Notably, fine-tuning continues to confer large advantages over closed-source API models, indicating that strong Med-AGI transfer does not (yet) hold even for leading proprietary SOTA when labels and task distribution are complex and specialized.

Strong Empirical Claims

Key findings are supported by strong quantitative results:

Zero-shot VLMs, regardless of scale, do not generalize to surgical tool detection tasks.
Fine-tuned VLMs improve in-domain performance, yet suffer substantial OOD generalization failure under realistic (procedure-based) validation.
Increased parameter scaling—up to three orders of magnitude—fails to close the train–validation gap.
A small, specialized CV model outperforms VLMs by 3–18 points (SDSC-EEA, CholecT50), with orders-of-magnitude fewer parameters and lower inference/training cost.
These patterns generalize across datasets and persist even when comparing to closed, commercial frontier models.

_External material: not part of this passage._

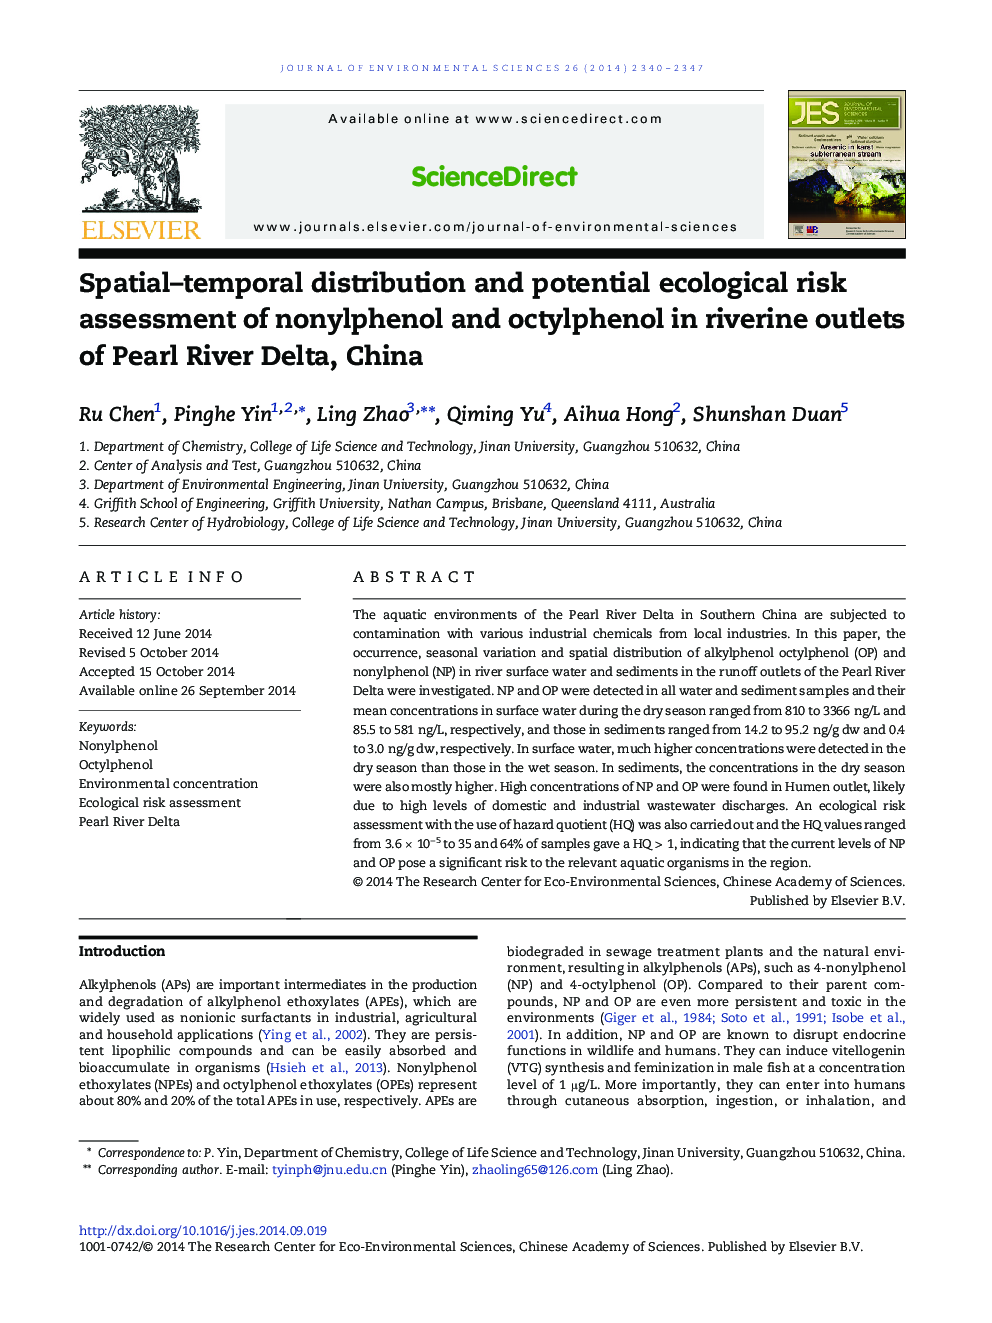 Spatial–temporal distribution and potential ecological risk assessment of nonylphenol and octylphenol in riverine outlets of Pearl River Delta, China
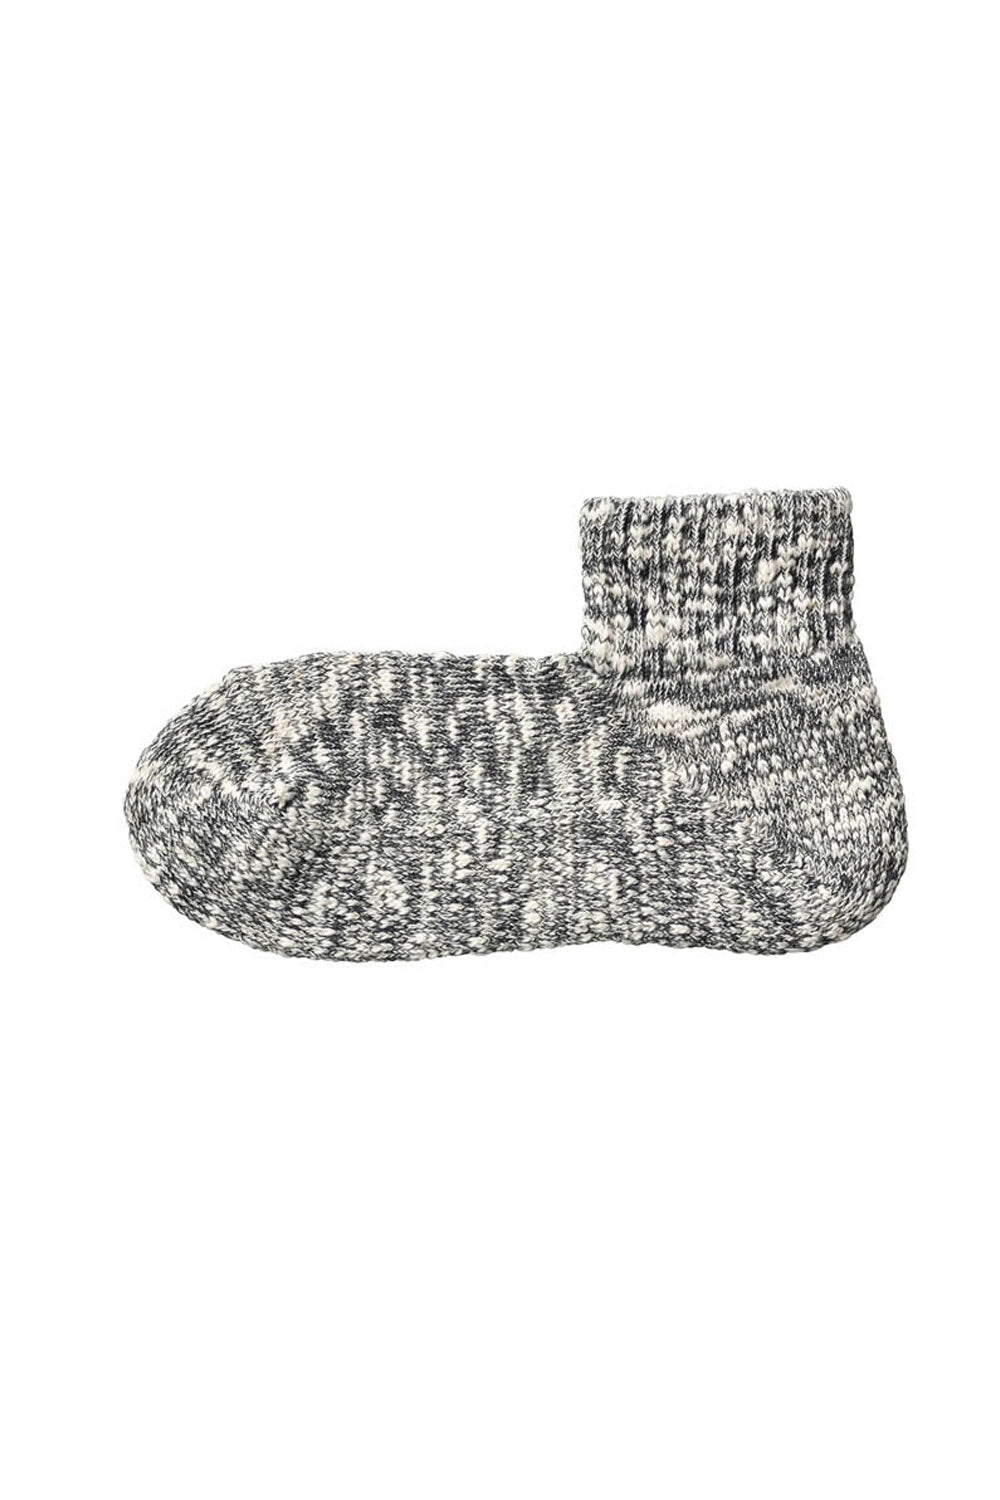 The SNOW PEAK - GARA GARA SOCK NAVY available online with global shipping, and in PAM Stores Melbourne and Sydney.

Implications for Med-AGI and AI System Design

The results constitute a clear empirical challenge to Med-AGI scaling optimism: surgical perception is not "solved" or reliably improvable by simply increasing parameter count or compute. The primary limitations are label/data fragmentation, domain heterogeneity, and distribution shift, not model class. This underscores that medical AI will likely require hierarchical or composite system architectures, where generalist VLMs orchestrate or delegate to specialized perception modules. Additionally, aggregation of large, curated, and institutionally diverse datasets is paramount.

The study further suggests that the "emergent abilities" paradigm, which holds in other language and vision tasks, does not translate to high-stakes medical perception without intentional label structure, domain coverage, and procedures addressing real-world class imbalance and complexity.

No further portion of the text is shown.